According to Dr. Geortzel, the algorithms and structures are not the bottlenecks to realizing the AGI goals today, but it is more fundamental issues of funds and hardware.

Notably, there are also teams pursuing AGI with extensive amounts of hardware and funds, like Microsoft’s OpenAI (16) and Google DeepMind (17). However, Dr. Geortzel believes that they are mostly burning their resources at a rapid pace while pursuing intellectual dead ends.

While no one has the answer about if or when AGI will happen, there are those like Dr. Geortzel who are working to make it happen; nonetheless, even though maybe not in our lifetime, we still believe that we will be able to create strong AI someday.

Moreover, we may never know that we have accomplished this exceptional feat, either because the AI intelligence nature will be too different from ours or because the AI may be too smart to let us know. For all we know, it may have already happened.

Final Words

The movie “Her” does an excellent impression of an AI virtual assistant with ASI. Samantha is Grammarly, Google Search, Alarm, Gmail, Reminder, Calendar, and more, all packed in one super intelligent agent.

For Theodore, it was more than an assistant. It was a companion, lover, friend, therapist, and more.

Still, it is pretty difficult to imagine having a relationship with Alexa or Google Assistant beyond the typical “What is the weather like today?” conversations.

And even more obscure to imagine a human falling in love with a virtual assistant.

Yet, there is a massive amount of inspiration and information machine learning practitioners can draw from the AI capabilities conveyed with this interesting movie.

They can get an insight into how “Her” movie creators visualize the projection of AI applications in the future based on today’s technology. In turn, it can inspire ML researchers and practitioners to create novel applications and techniques.

The method is a closed inspirational loop that we have had for decades.
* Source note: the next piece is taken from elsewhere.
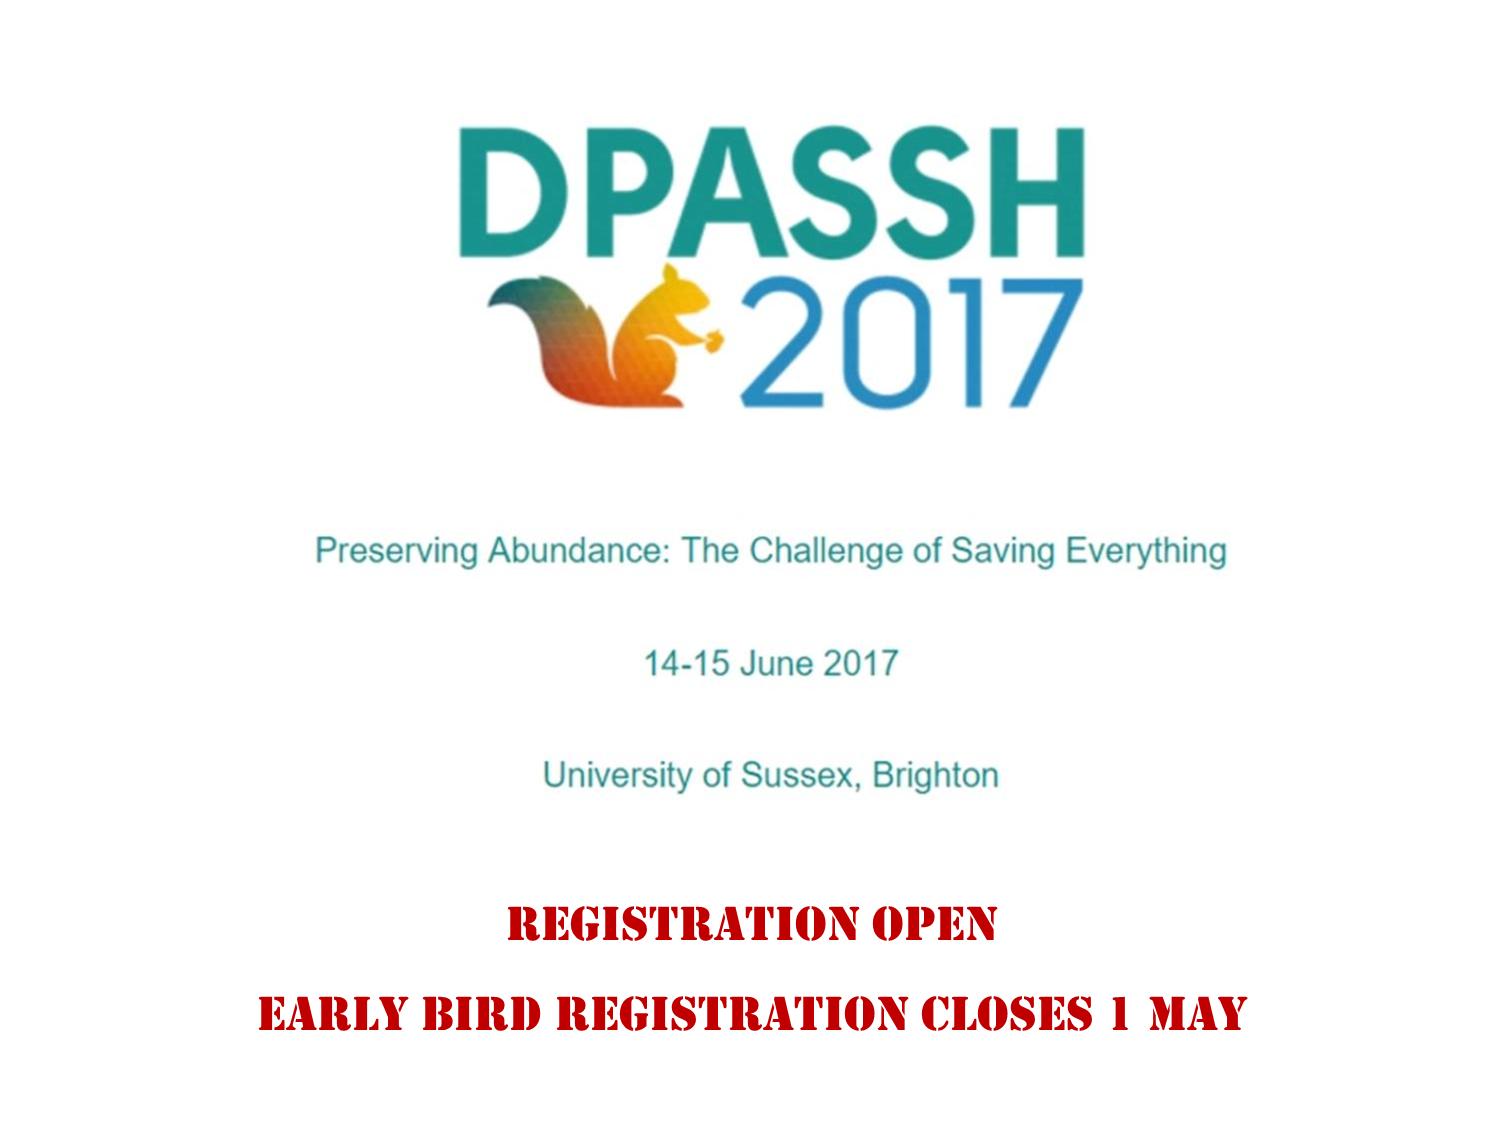 DPASSH 2017 Conference - Preserving Abundance: The Challenge of Saving Everything, 14-15 June 2017, Brighton, UK - Registration open
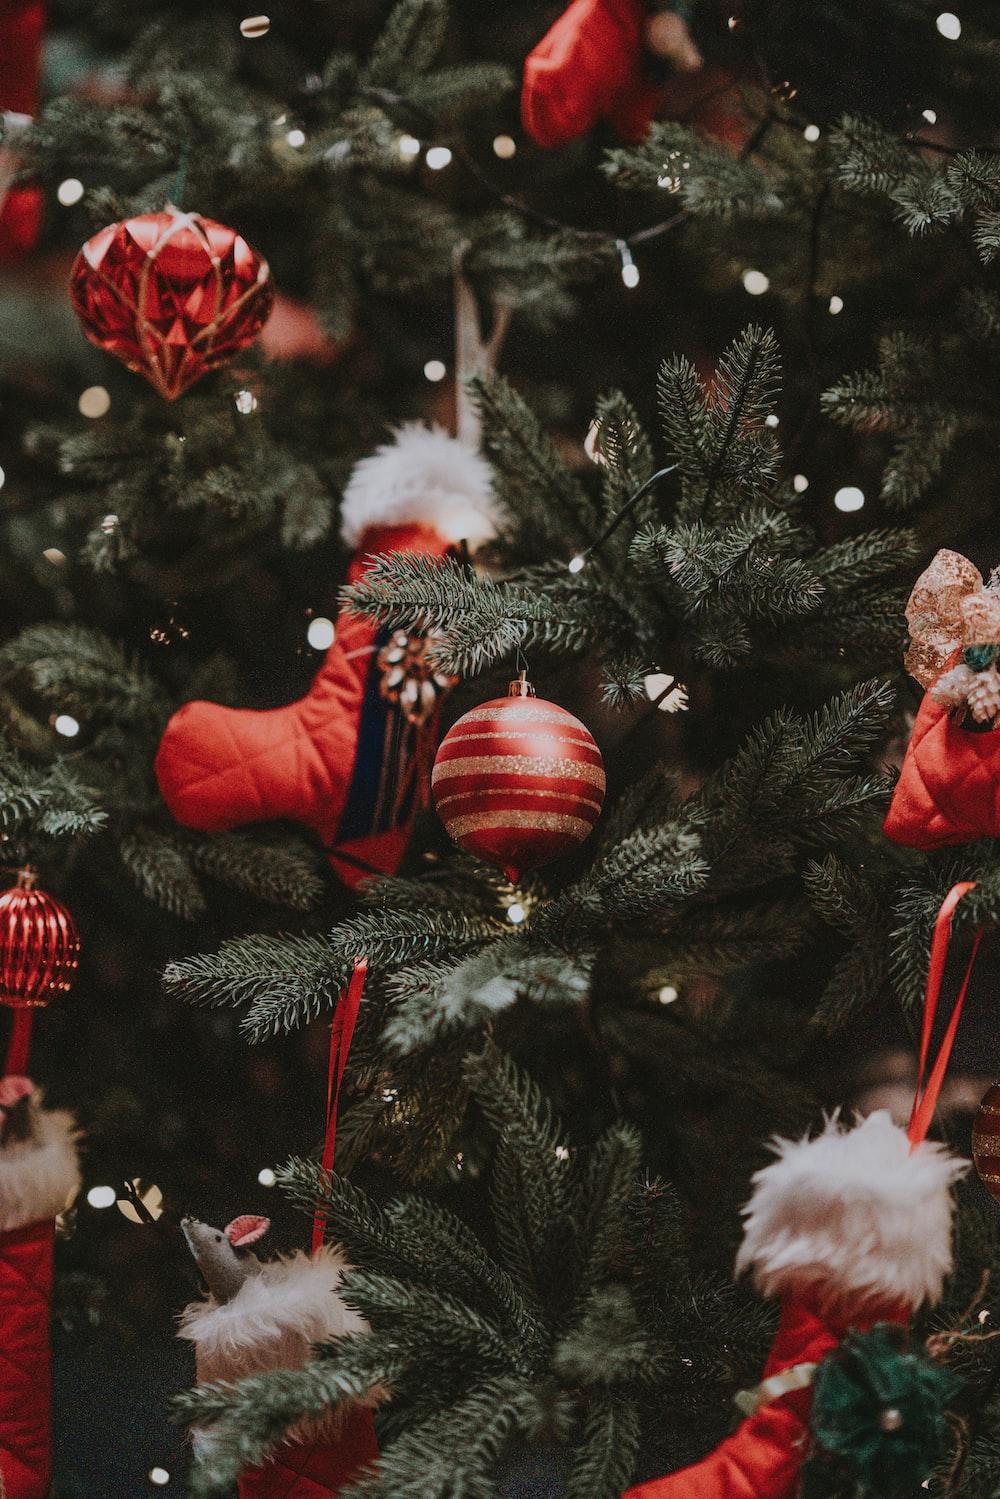 Christmas tree with decor lot

Futuristic movies like “Her” fuel investors, researchers, scientists’ imaginations and present technology inspire movie writers and directors.

While we do not now know how much time it will take to develop the first real-world AGI application, one thing is for sure; its development will prompt a series of events and persistent changes, good or bad. It is set to reshape the world and life as we know it forever (18).

With that being said, we still don’t have commercial hoverboards.